Tutorial 6: Multiple GPUs
=========================

This tutorial describes how to run Jaxion simulations on distributed GPUs.
An example is provided in `examples/soliton_binary_merger <https://github.com/JaxionProject/jaxion/tree/main/examples/soliton_binary_merger>`_

First, ensure that JAX is initialized for distributed GPU use, by calling:

.. code-block:: python

    import jax

    jax.distributed.initialize()

On some machines, you may need to specify additional parameters to the ``initialize()`` function.
For most SLURM clusters, you will not need to specify anything.

If you'd like your Python script to print info, it should by guarded by:

.. code-block:: python

    if jax.process_index() == 0:
        print("Using distributed GPU mode")

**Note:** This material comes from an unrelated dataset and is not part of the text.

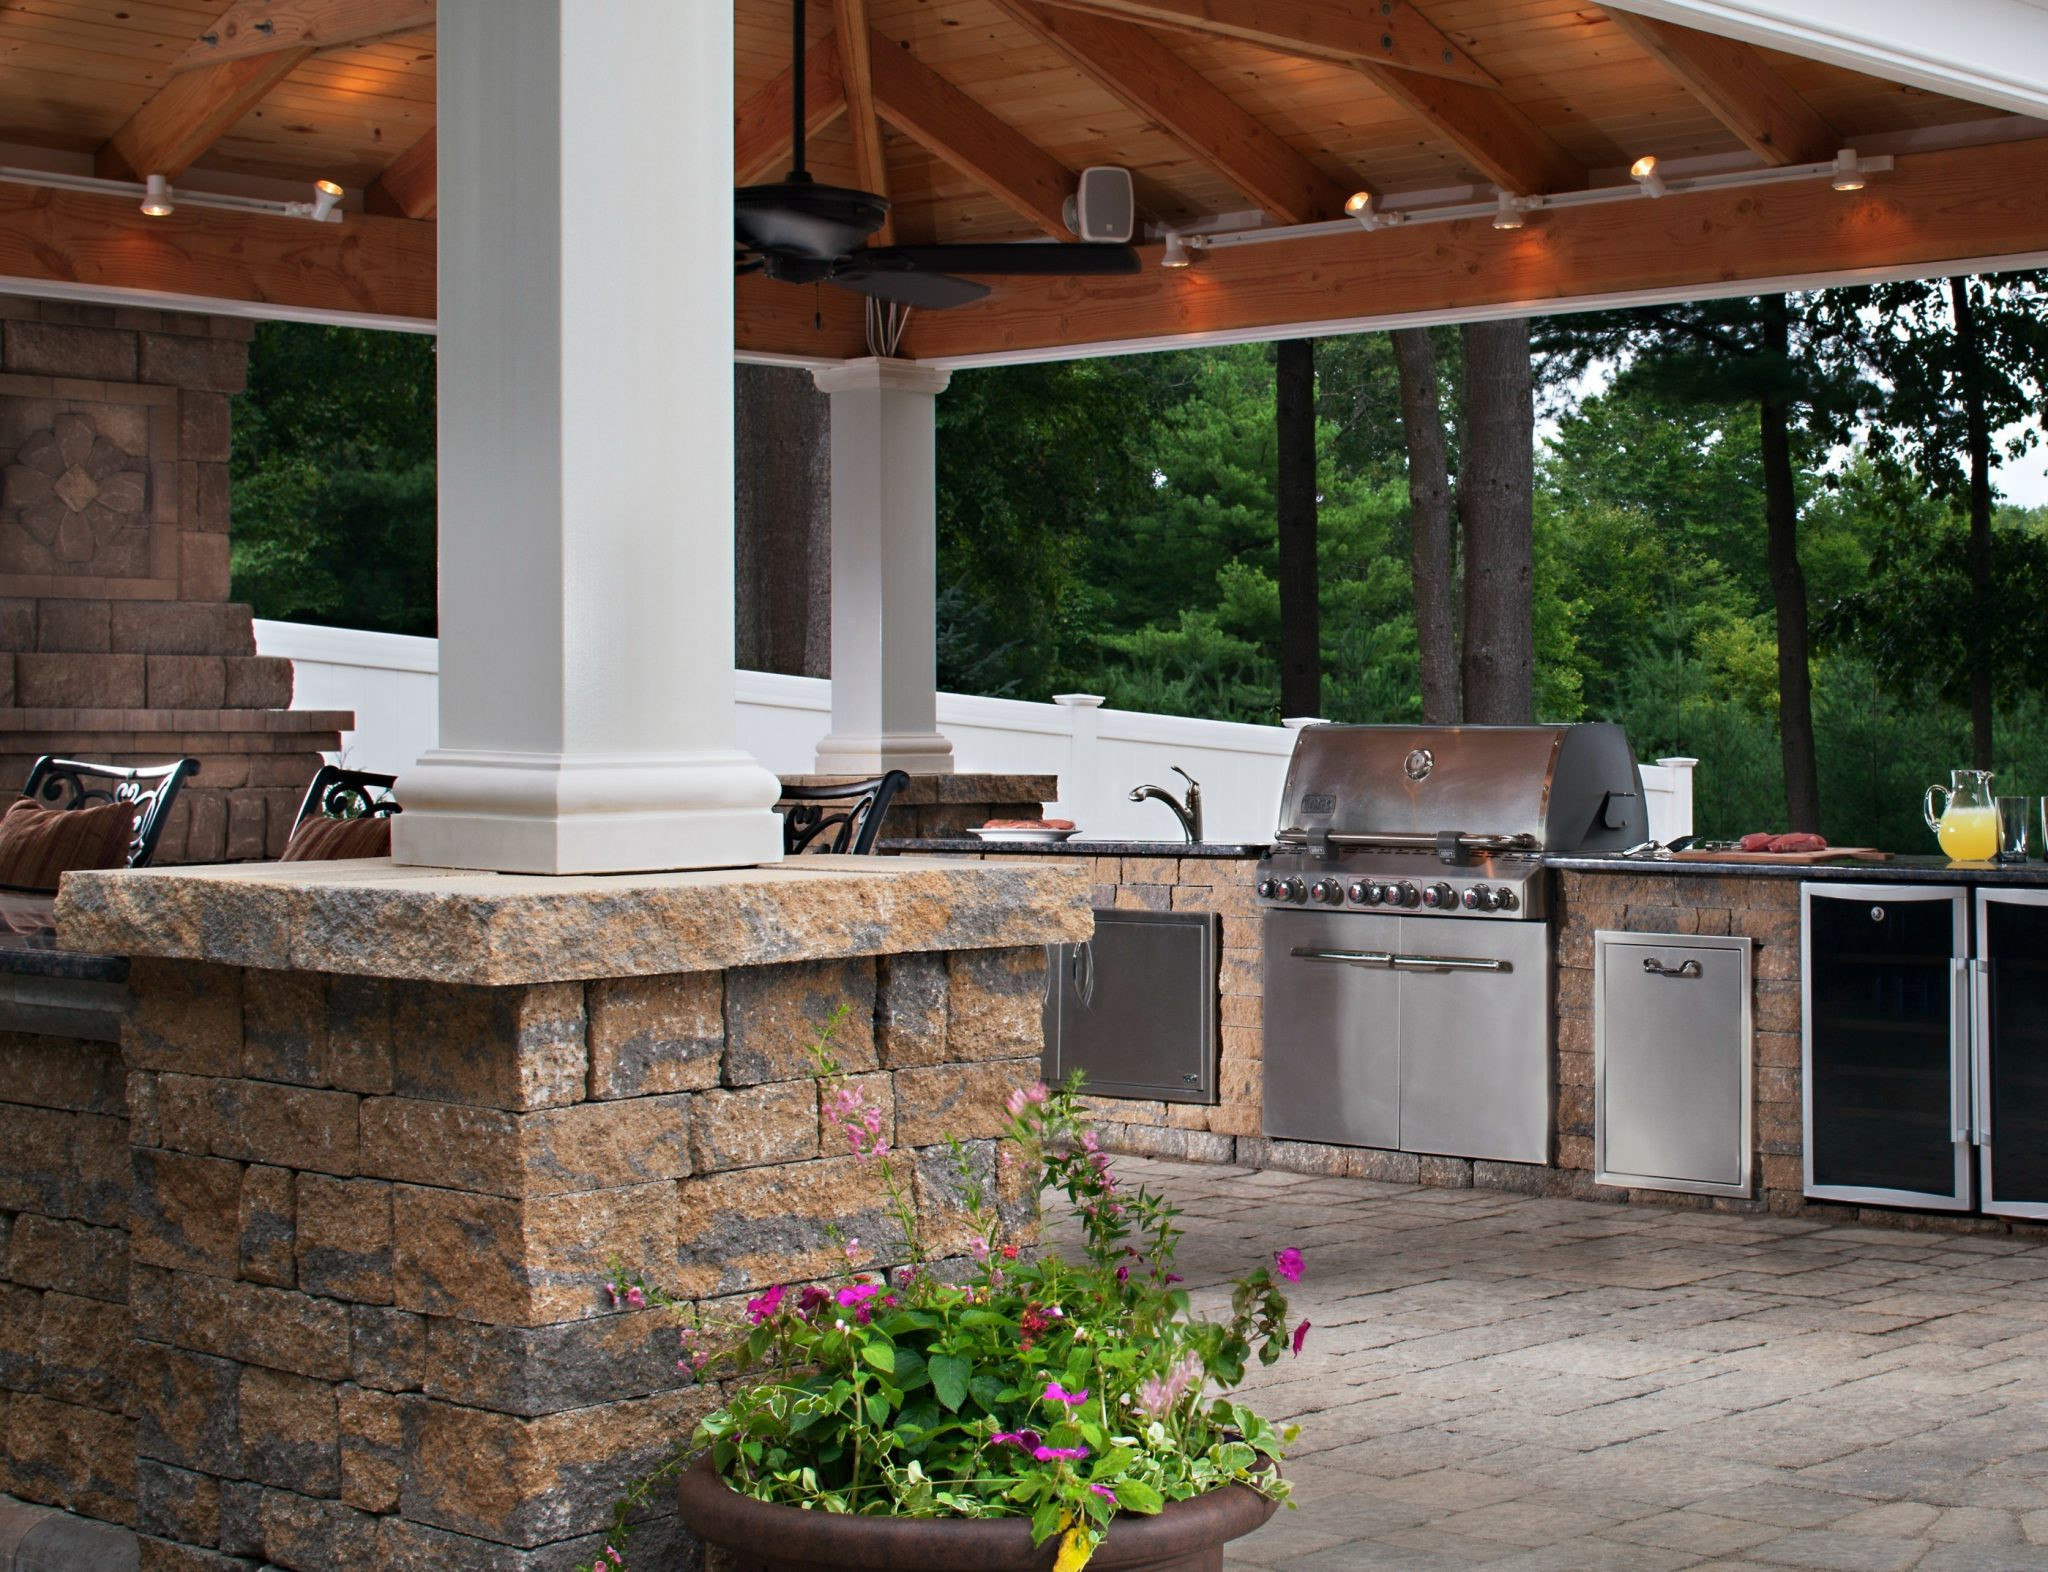 Patio Outdoor Kitchen Luxury Outdoor Kitchen Trends 9 Hot Ideas for Your Backyard

to prevent multiple processes from printing simultaneously.


Sharding
--------

We need to set up sharding for the simulation state arrays.
Sharding splits the arrays across multiple devices for distributed computation.
This can be done as follows:

.. code-block:: python

    from jax.experimental import mesh_utils
    from jax.sharding import Mesh, PartitionSpec, NamedSharding

    # Create mesh and sharding for distributed computation
    n_devices = jax.device_count()
    devices = mesh_utils.create_device_mesh((1, n_devices))
    mesh = Mesh(devices, axis_names=("x", "y"))
    sharding = NamedSharding(mesh, PartitionSpec("x", "y"))

In the example above, we create a virtual device mesh with one row and ``n_devices`` columns.
Arrays (2D and 3D) are split along the "y" axis across the devices.

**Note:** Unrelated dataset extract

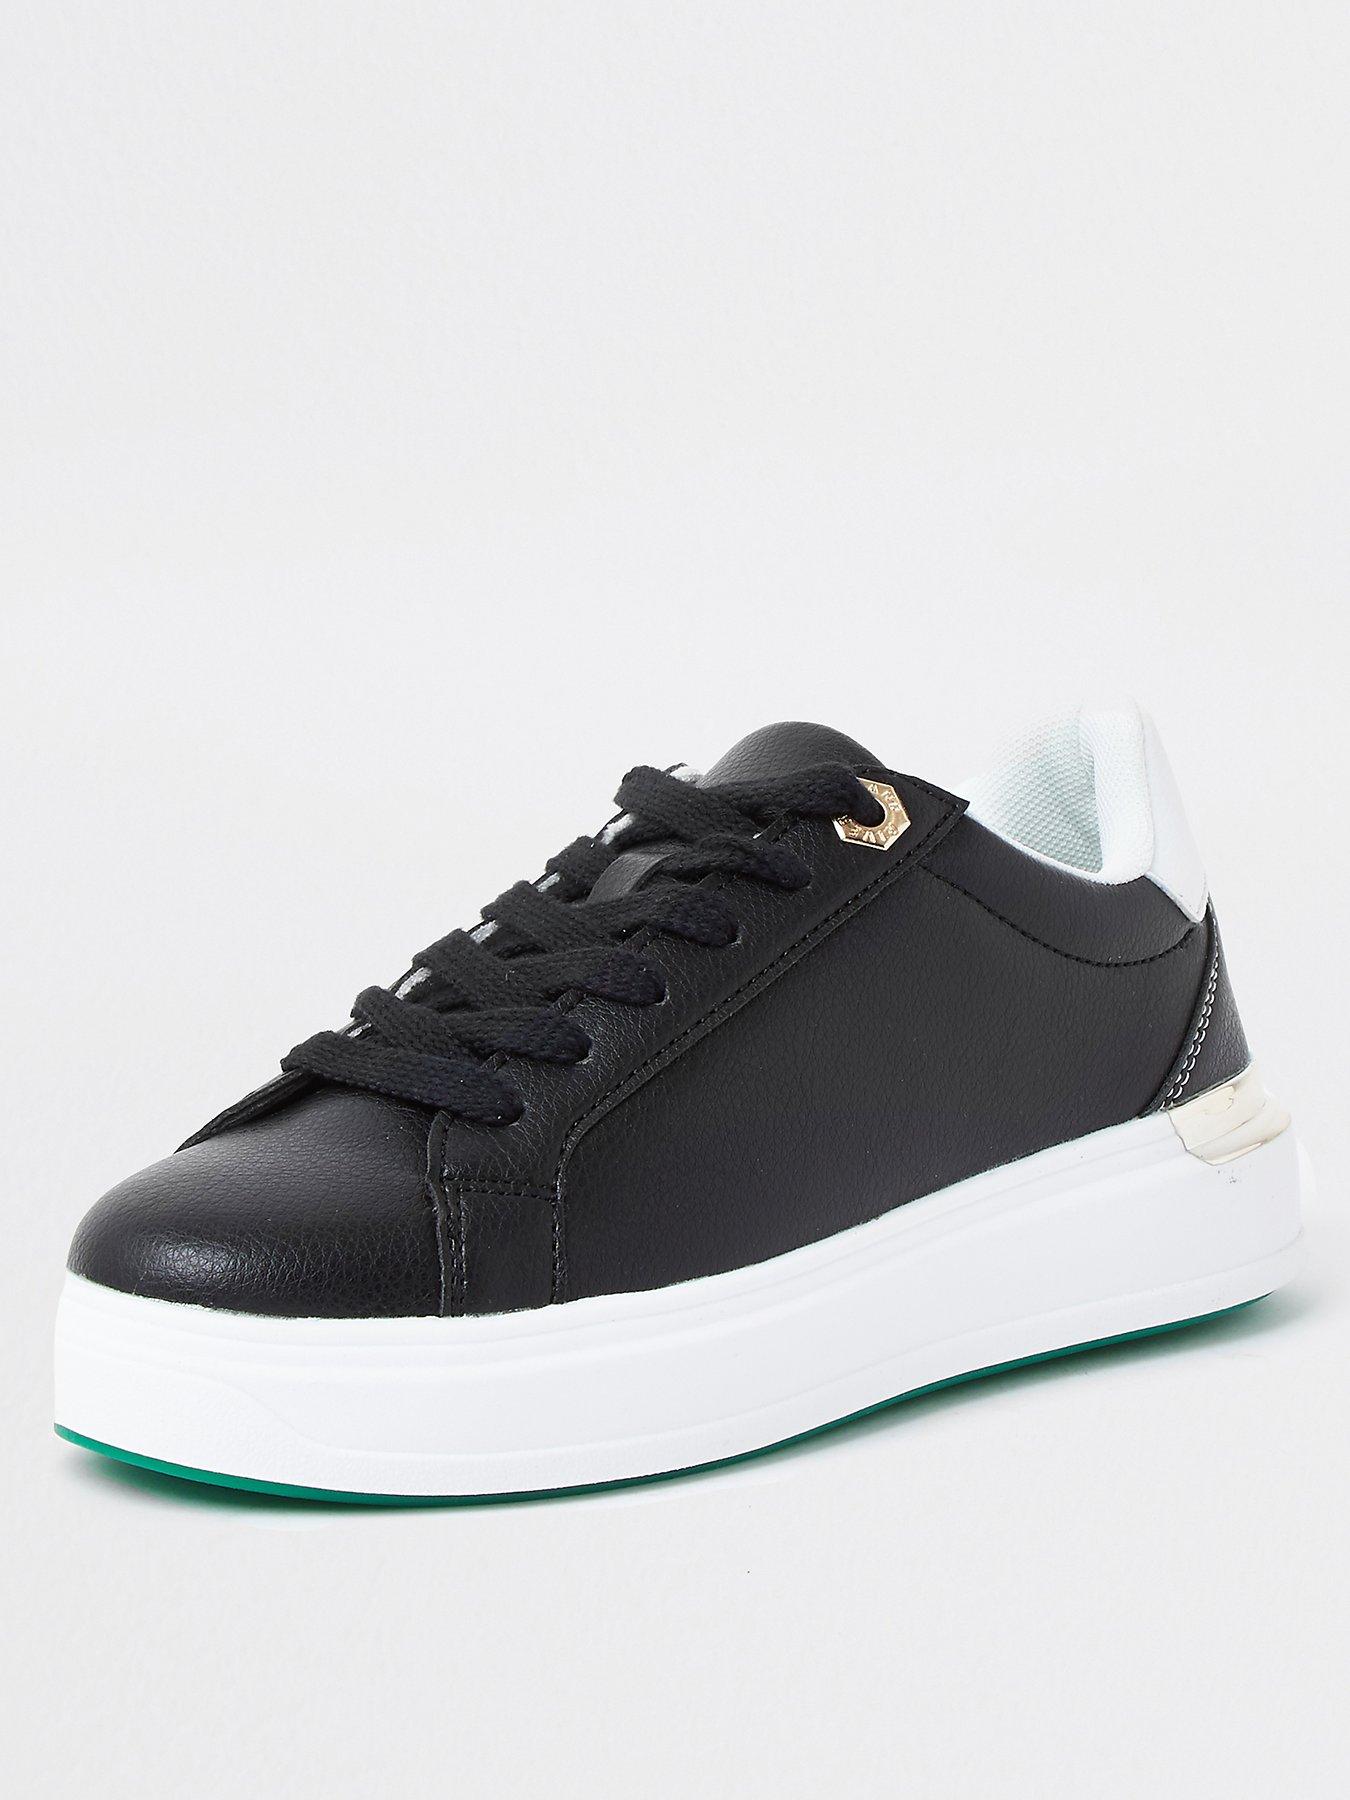 river island wasp trainers

When creating the simulation object, we need to pass the sharding to it:

.. code-block:: python

    sim = jaxion.Simulation(params, sharding=sharding)

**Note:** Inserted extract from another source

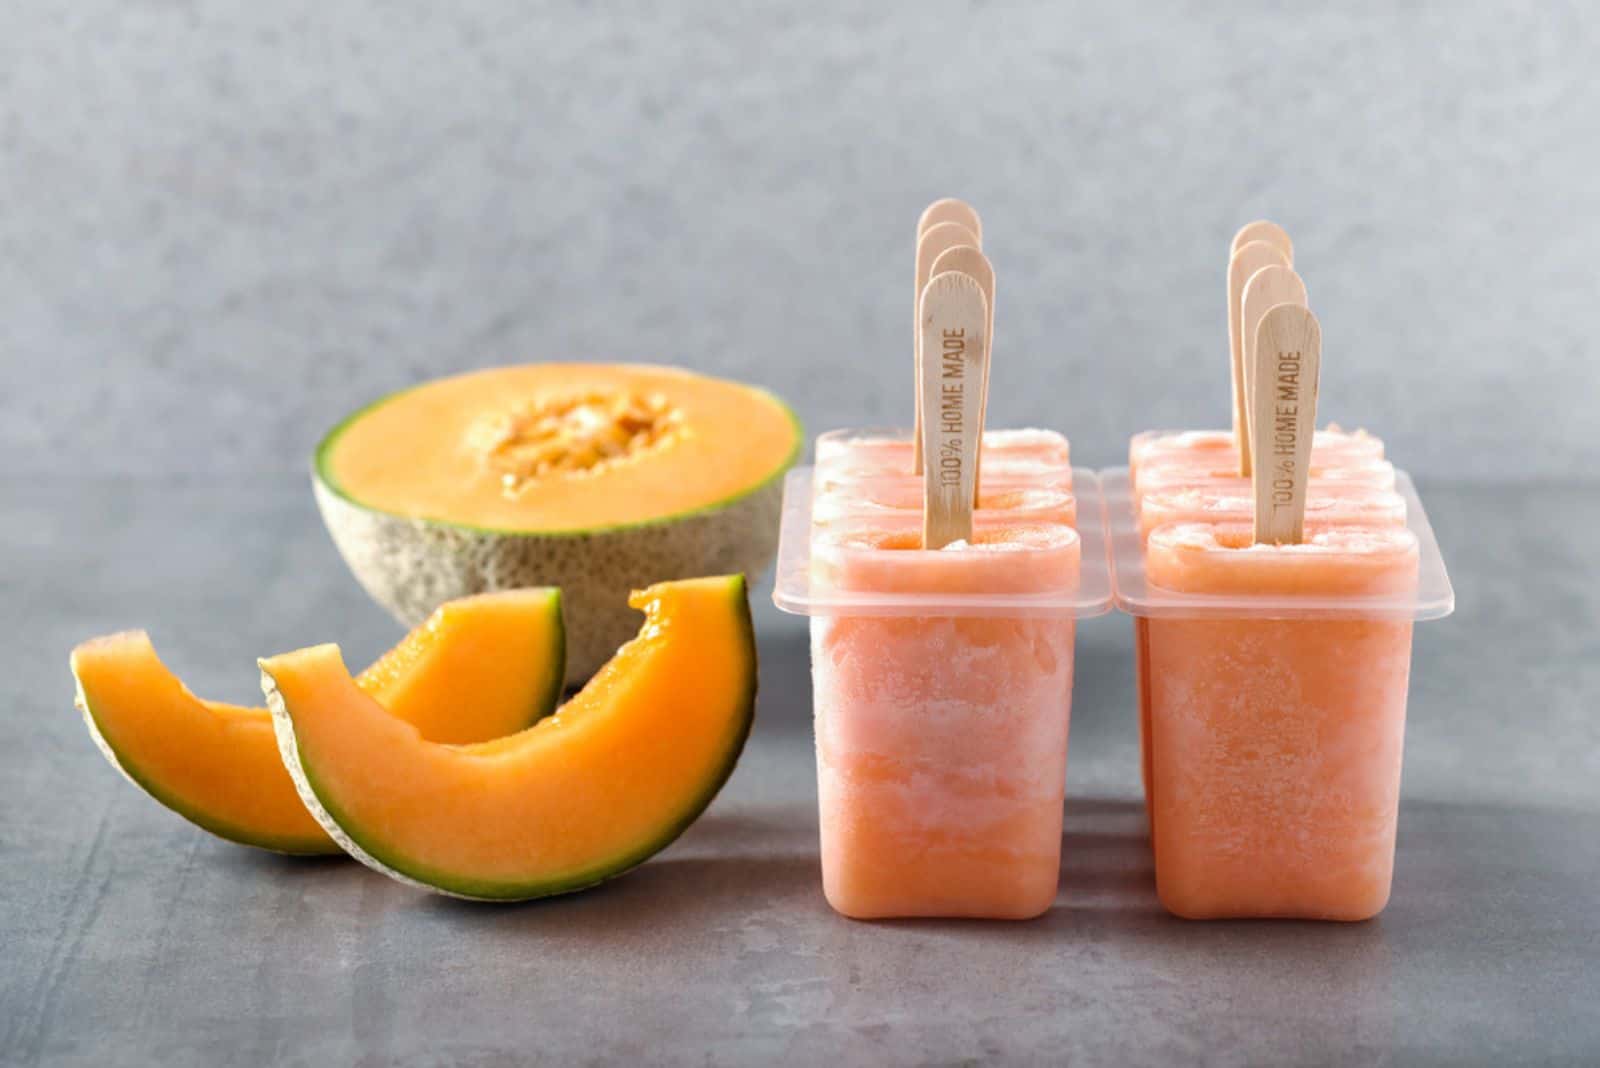 Homemade cantaloupe melon popsicles with fresh slices

And that's it! Jaxion will now run the simulation on multiple GPUs.

If you grab arrays from the simulation, such as the grid (``sim.grid``) or spectral grid (``sim.kgrid``),
these will be sharded arrays too.


Slurm Example
-------------

An example SLURM submission script for running our example on the Flatiron Rusty cluster
is provided below:

.. literalinclude:: ../../examples/soliton_binary_merger/sbatch_rusty_distributed.sh
  :language: bash